Rice Hall James: Micro Cap Strategies

RHJ’s Micro Cap Opportunities strategy employs a fundamental, bottom-up analytical process to find companies that have three primary characteristics: high earnings growth, high or improving return-on-invested capital, and sustainable competitive advantages. Our philosophy is rooted in our historical analysis that shows highest relative returns are achieved by owning companies that not only exhibit earnings growth, but also can sustainably generate high return-on-investment for long periods of time. Our investment universe consists of companies with market capitalizations under $750 million at the time of purchase.

FACTS

Inception Date: September 1, 2006
Benchmarks: Russell Microcap Growth Index
Team Managed: Lou Holtz and Yossi Lipsker
Avg. Composition: Less than 100 stocks

PHILOSOPHY & PROCESS

RHJ’s Micro Cap Opportunities strategy seeks to achieve superior risk-adjusted performance by building a portfolio of companies with higher estimated earnings growth rates, higher returns on invested capital and better sustainability characteristics than that of the Index.
  • We believe that outstanding microcap growth companies share the following characteristics:
    • Above average earnings growth
    • High or improving Return On Invested Capital (ROIC)
    • A sustainable competitive advantage
  • A disciplined, fundamental bottom up research process is critical in identifying companies in the formative stages of development trading at an attractive valuation.

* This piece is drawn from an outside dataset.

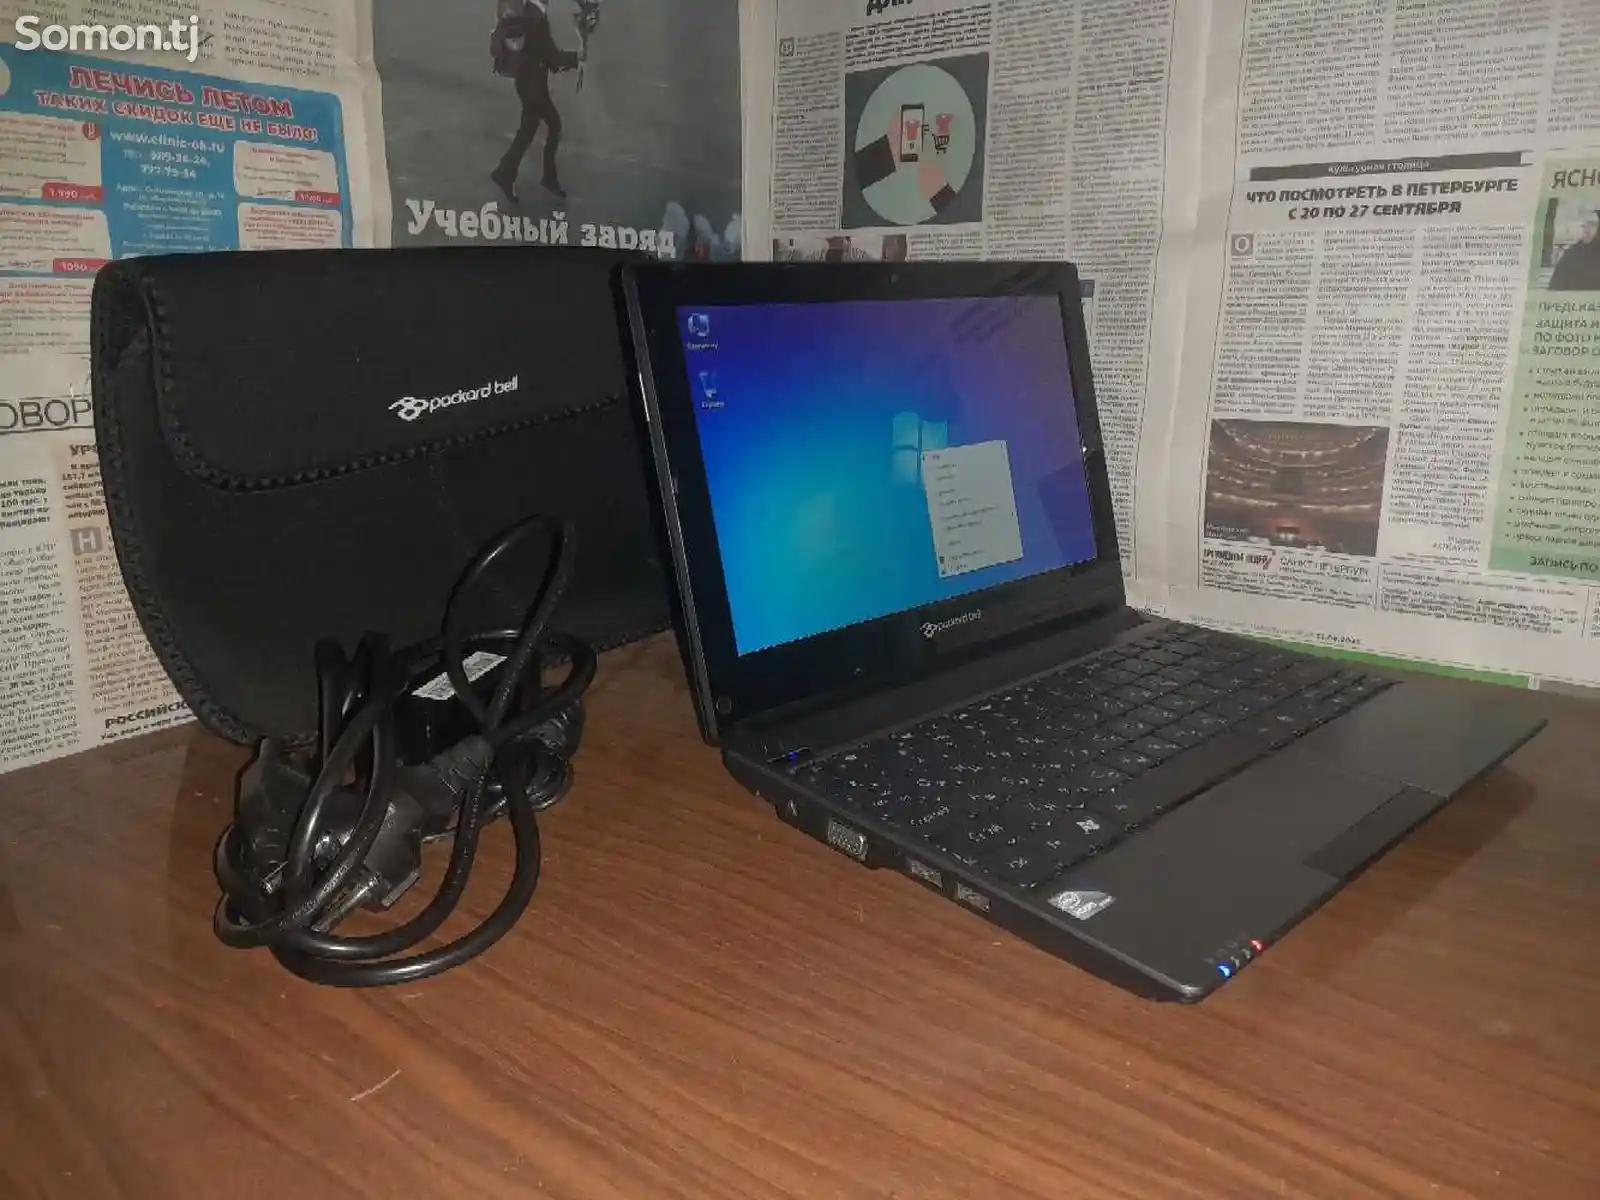 Ноутбук Packard bell 500ГБ, Intel Atom N570, RAM 2 ГБ, Intel GMA 3150-3
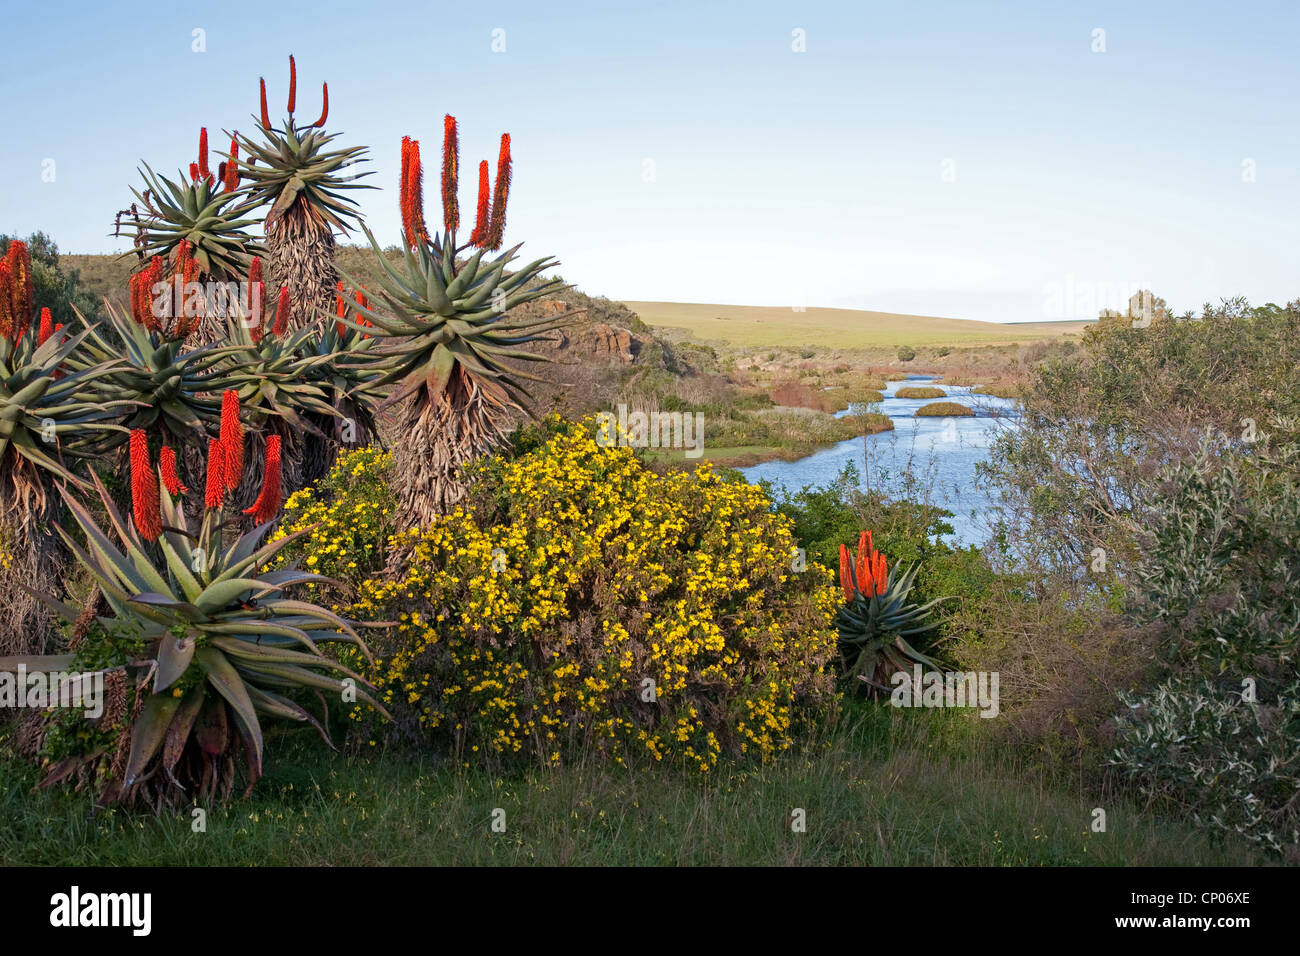 Cape Aloe, Bitter Aloe, Red Aloe, Tap Aloe (Aloe ferox), aloes in front of Breede river, South Africa, Western Cape, Bontebok National Park, Swellendam Stock Photo

MODEL PORTFOLIO COMPOSITION as of March 31, 2012

RHJ
Micro Cap
Opportunities
Russell
Microcap
Growth Index
Number of Holdings 54 875
Price/Forecast* Earnings Ratio 36.5 18.3
Long Term Earnings Growth Forecast* 22.3% 17.8%
PE/Earnings Growth [PEG] Ratio 1.6 1.0
Dividend Yield 0.6% 0.6%
Price/Book Ratio 0.3 3.2
Return on Equity [5 Year Average] 3.6 6.1
Weighted Avg Market Cap $626 M $400 M
Weighted Median Market Cap $553 M $330 M
Equity / Cash 96% / 4% -
Portfolio Turnover [2011] 16% -

Source: Rice Hall James & Associates & Independent Consulting Organizations

HIGHLIGHTS

  • An analytical approach that emphasizes long-term factors that leads to longer holding periods and low portfolio turnover.
  • A portfolio construction process that splits investments into three categories: growth, aggressive growth and moderate growth with limits on all three.
  • A research process that emphasizes interviews with company management.
  • A portfolio management team with a proven long-term track record.